== Source material ==
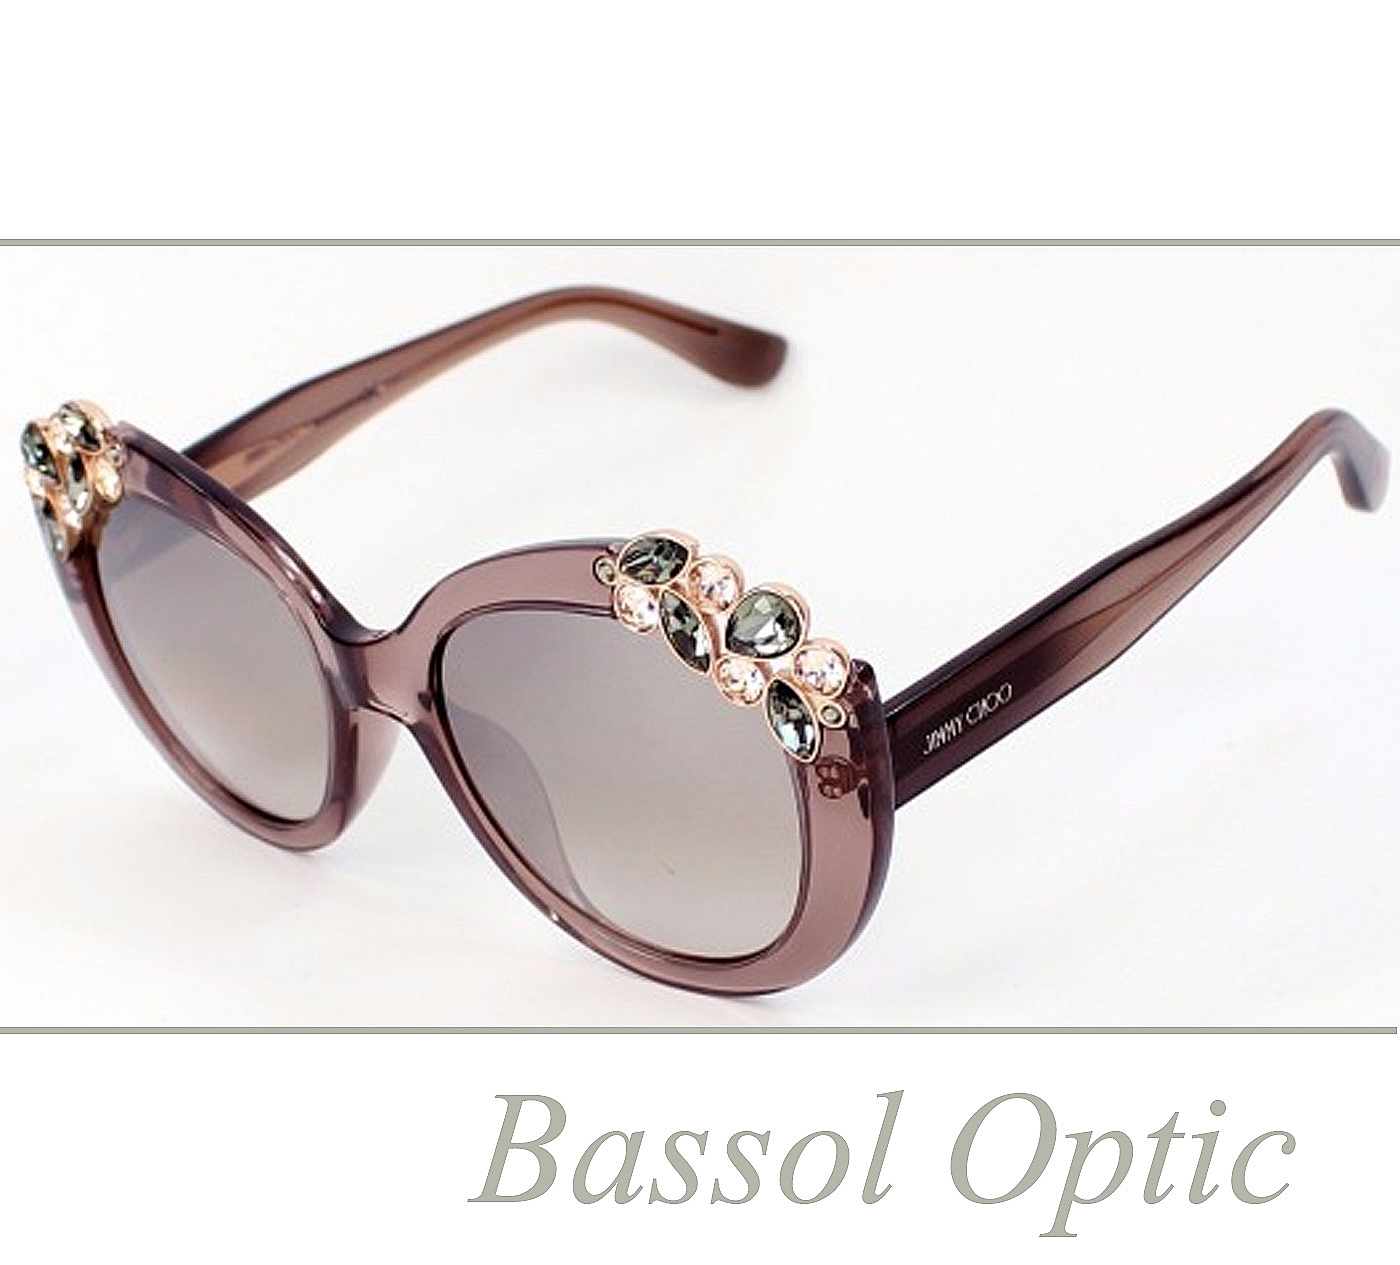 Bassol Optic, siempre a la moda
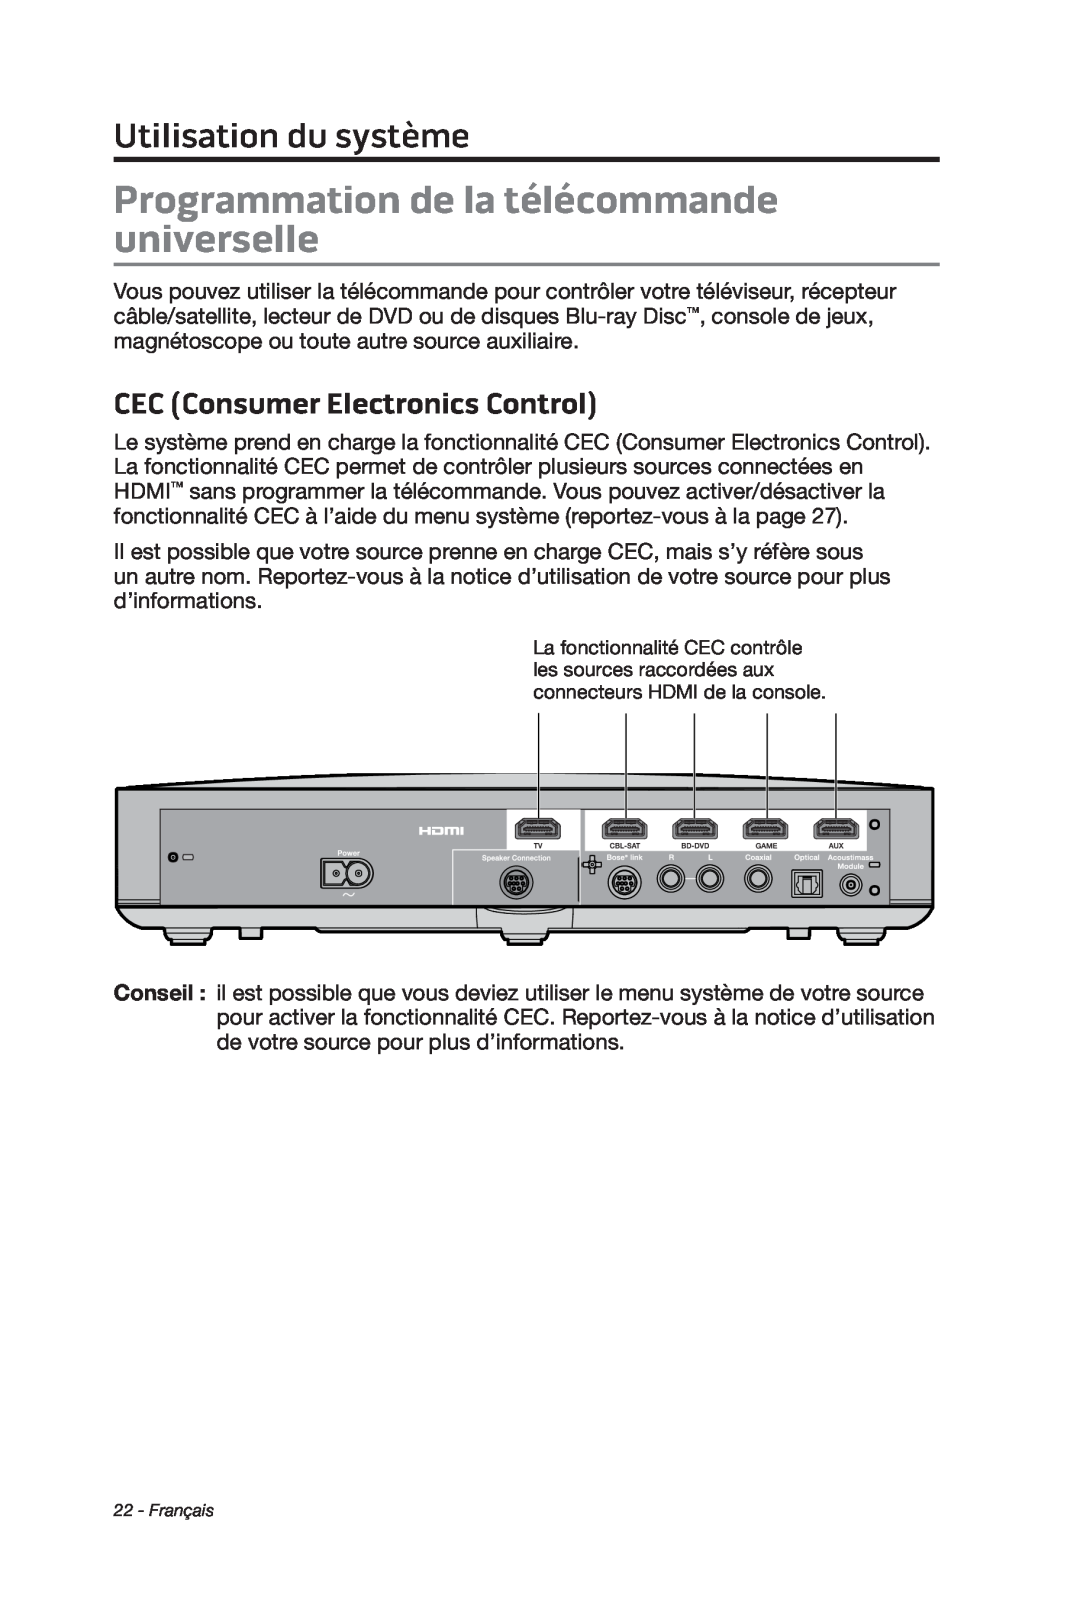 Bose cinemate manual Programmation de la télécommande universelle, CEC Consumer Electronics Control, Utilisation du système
--
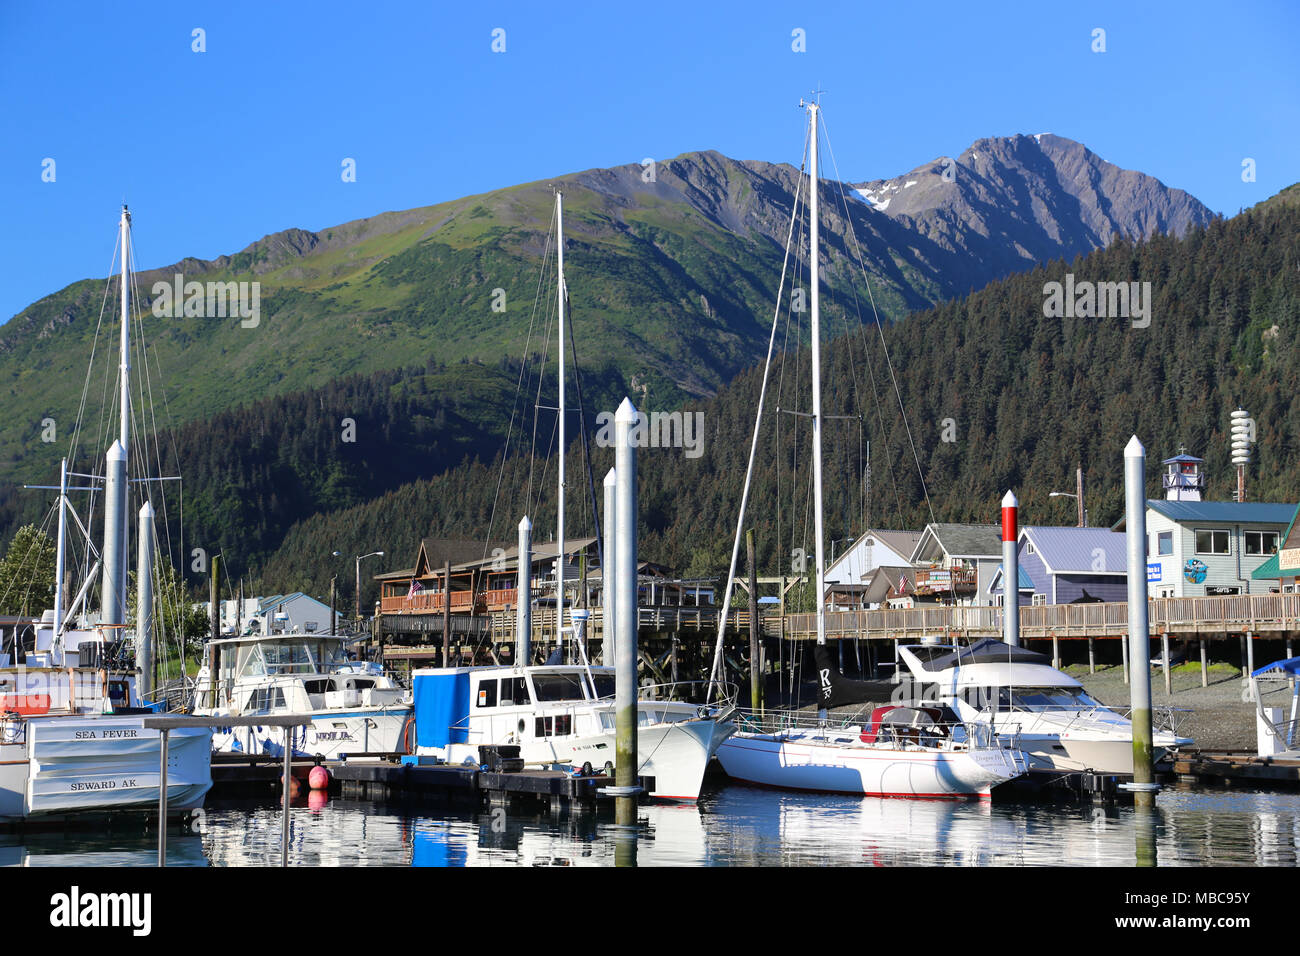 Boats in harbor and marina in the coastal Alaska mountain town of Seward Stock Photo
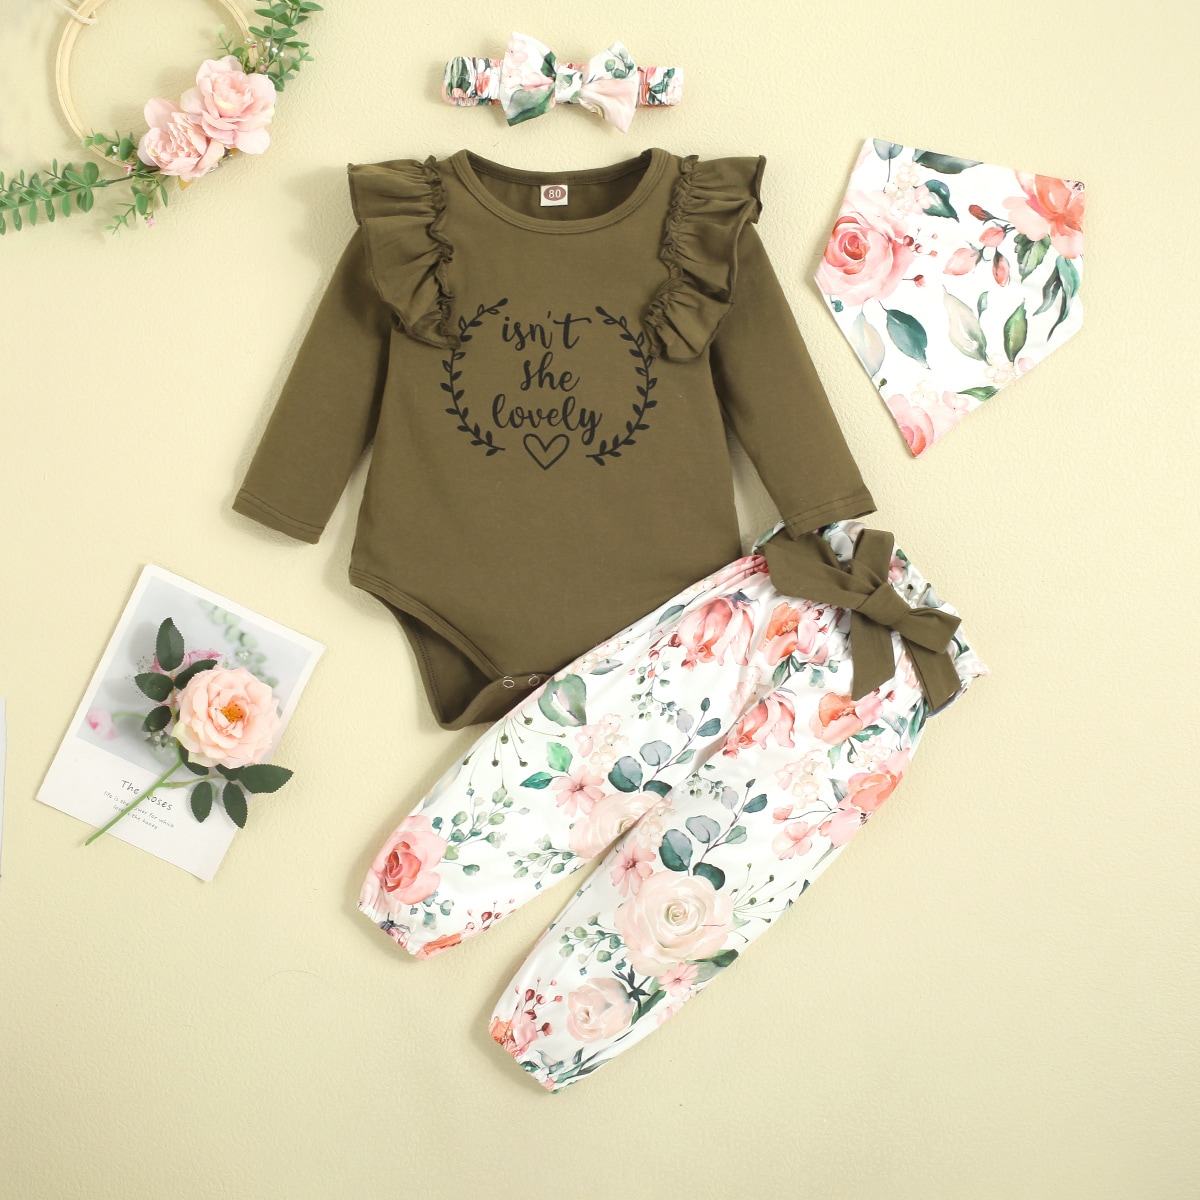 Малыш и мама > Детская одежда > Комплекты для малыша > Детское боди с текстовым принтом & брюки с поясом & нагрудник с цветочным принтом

== Your instructions ==
Starting at the line containing "Bassol Optic, siempre a la moda" and stopping at the line containing "Bose cinemate manual", output every line above exactly, both ends included, with pictures omitted.

== Expected output ==
 Bassol Optic, siempre a la moda
 Bose cinemate manual Programmation de la télécommande universelle, CEC Consumer Electronics Control, Utilisation du système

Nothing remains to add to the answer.